I would request you to reflect for a while on the unconscionable injustice heaped on the hapless, well meaning RETIREES, in the matter of pension payable, as per their Service condition, in return for the self-less service rendered by them in the past to the Bank over a long period. To facilitate in your introspection, which would give you an idea of the extent of callous indifference that has permeated in SBI over the years, especially in moral values, I give below brief account of the sufferings of the RETIREES caused by the ineptitude /cruel acts of the Bank’s management.

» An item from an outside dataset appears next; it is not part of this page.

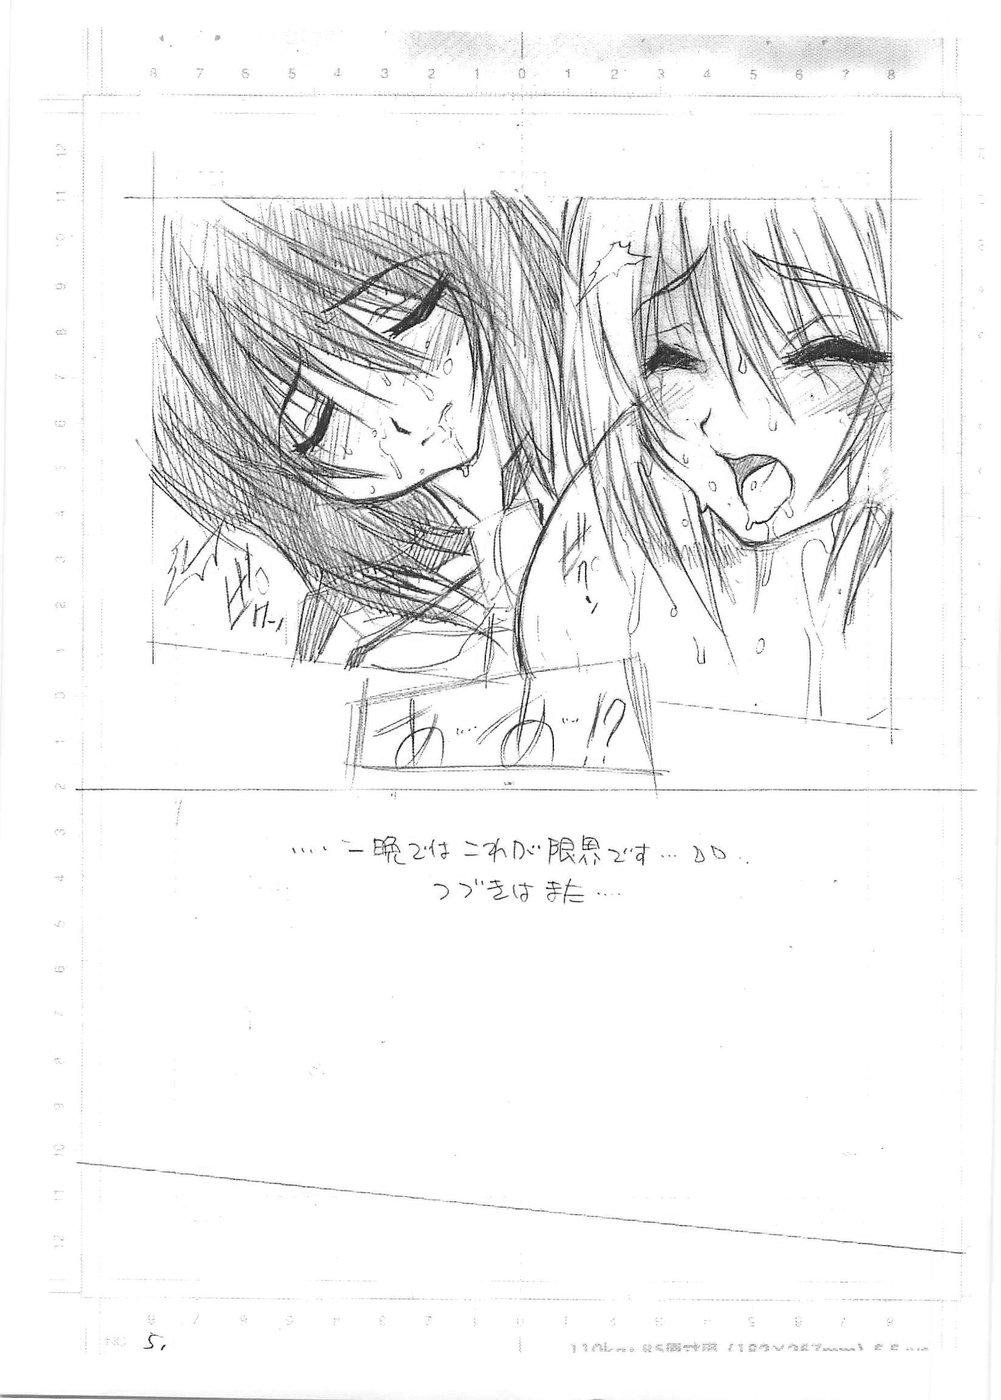 (Futaket 2) [Escargot Club (Juubaori Mashumaro)] Byubyubyu-byu Byu-byubyu!! (Bobobo-bo Bo-bobo) 10

1.1. The Bank deliberately did not act on the Resolution passed by the ECCB, authorising payment of pension to the RETIREES as per the extant rules, i.e. to compute pension with reference to the revised pay scales effective from 1.11.97/ 1.4.98 after merger of D.A up to 1684 points; brief details of the resolution passed were advised to the RBI vide letter no CDO/PM/16/SPL/341 26.7.2000. The RBI had replied that consequent on revision of pay scales, the then existing ceiling of Rs.8500 be revised to Rs.12050/- and the admissible pension payable be revised to Rs 6025/- respectively by merging D.A up to 1684 points. In respect of those having an average pay exceeding Rs.12, 050/-, the pension payable be revised to 40% of average pay subject to a minimum of Rs 6025, vide its letter no DBOD/593/09-21-002/2000.01 dated 11/12.5.2001.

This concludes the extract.